The Micronit OOC Membrane Chip supports a broad spectrum of human and rodent cell types, including primary keratinocytes/fibroblasts (skin), human pulmonary microvascular endothelial cells (lung), Caco-2/HT29-MTX (gut), and iPSC-derived cardiomyocytes (heart). It is compatible with standard extracellular matrices (collagen I, fibronectin, Matrigel®) and routinely used in serum-free, xeno-free, and chemically defined media formulations. All materials comply with USP Class VI biocompatibility requirements and are free of detectable leachables per ISO 10993-12. The chip architecture conforms to FDA-recommended design controls for organ-on-a-chip devices intended for non-clinical safety assessment, and its data output structure supports alignment with OECD TG 497 (test guideline for alternative methods) and EMA/CHMP/ICH/2017/2019 guidance on non-animal models in drug development.

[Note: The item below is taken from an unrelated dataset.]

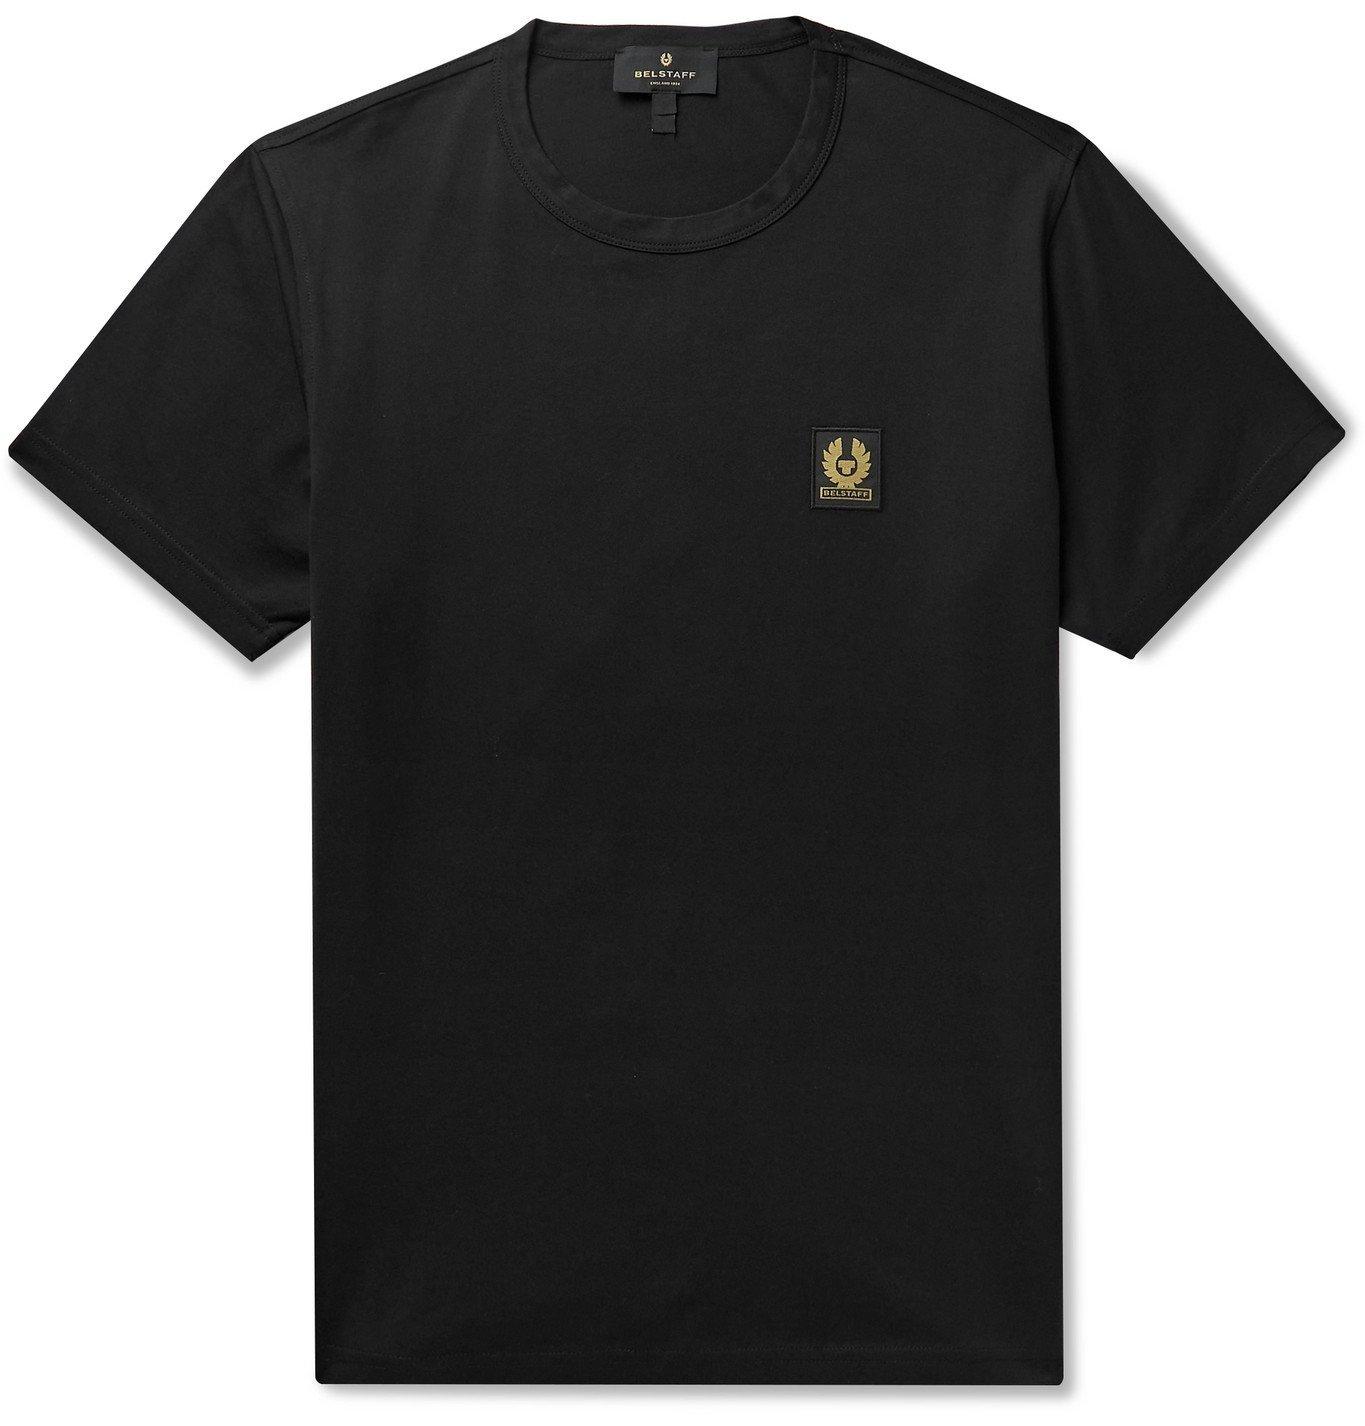 BELSTAFF - Slim-Fit Logo-Appliquéd Cotton-Jersey T-Shirt - Black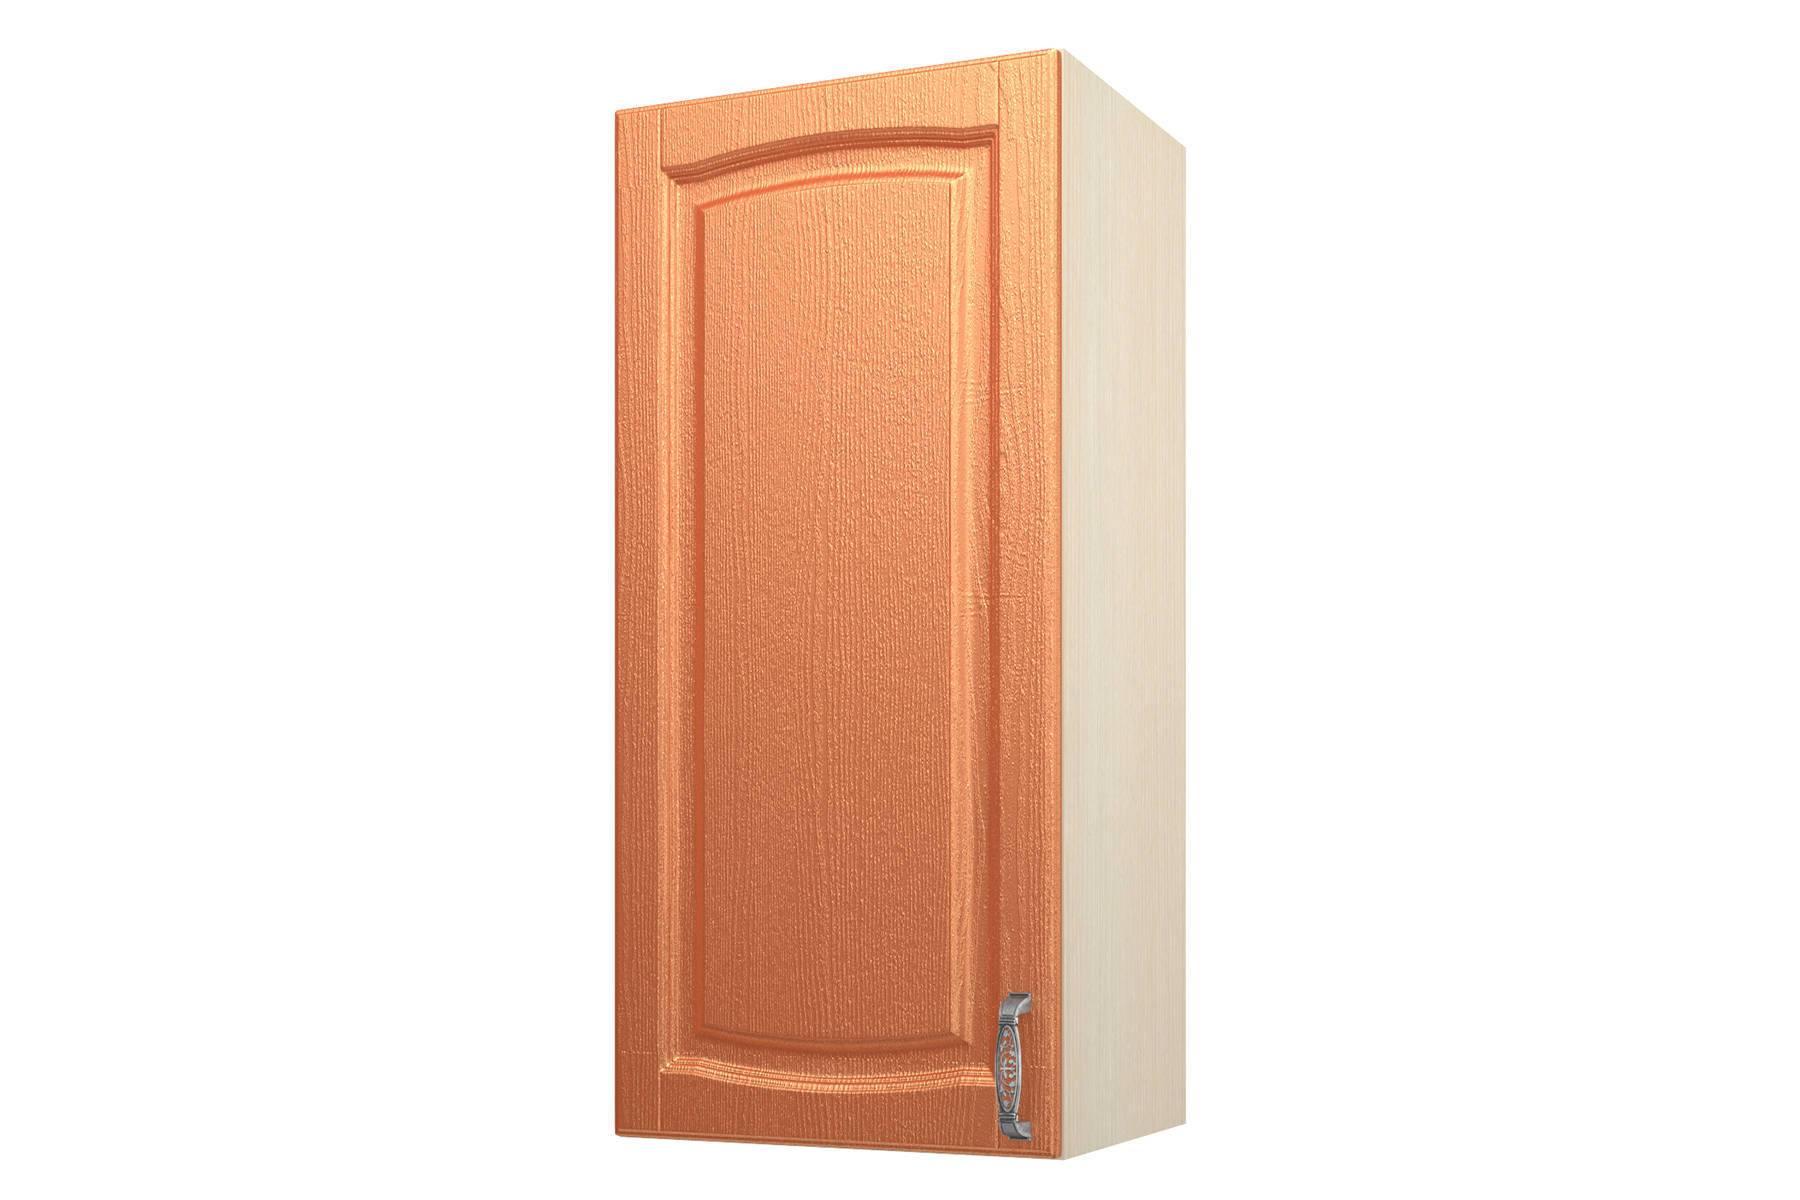 Равенна ART Шкаф-сушка 45 (Н-96), 1 дверь равенна art шкаф навесной 40 н 96 1 дверь

Software & Data Management

While the chip itself is hardware-only, it integrates seamlessly with industry-standard microfluidic control platforms—including Elveflow OB1 Mk III pressure controllers, Fluigent Flow-EZ modules, and Dolomite Mitos P-Pump systems—via standardized 1/4″-28 UNF threaded ports. Experimental metadata (flow rate, duration, medium composition) can be logged and synchronized with time-lapse imaging using open-source tools such as MicroManager or commercial packages like MetaMorph. For regulatory submissions, raw image stacks, TEER logs, and cytokine assay outputs generated using this chip may be archived with audit trails compliant with 21 CFR Part 11 when paired with validated LIMS or ELN solutions (e.g., LabArchives, Benchling).

Applications

• Reconstructing stratified epithelial barriers for dermatotoxicology and transdermal drug permeation studies
• Modeling vascularized tumor microenvironments with perfused endothelial monolayers and stromal co-cultures
• Studying immune cell transmigration across inflamed endothelial layers under physiological shear stress (0.5–4 dyn/cm²)
• Long-term functional assessment of air-liquid interface (ALI) cultures in respiratory disease modeling
• High-content screening of nanomaterial biodistribution and cytotoxicity across tissue barriers

FAQ

Can these chips be sterilized and reused?
Yes—autoclaving (121°C, 20 min), 70% ethanol immersion, or UV-C irradiation (254 nm, 30 min) are validated sterilization methods. Reuse is limited to ≤3 cycles to maintain gasket elasticity and membrane integrity.
What perfusion flow rates are recommended for barrier function assays?
For TEER measurements in skin or gut models, laminar flow at 1–10 µL/min is typical; higher rates (20–50 µL/min) are used for shear-dependent endothelial activation studies.
Is custom membrane pore size or geometry available?
Micronit offers custom MEMS-fabricated membranes under NRE agreements; lead time is 12–16 weeks with minimum order quantities applying.
Do the chips support real-time TEER monitoring?
Yes—integrated gold-plated electrodes are available as an optional upgrade (model suffix “-TEER”) with calibrated impedance readouts compatible with EVOM2 or CellZscope systems.
Are there application notes or protocol libraries available?
Micronit provides peer-reviewed SOPs, video protocols, and validation datasets for common organ models via their Technical Resource Portal—accessible upon institutional registration.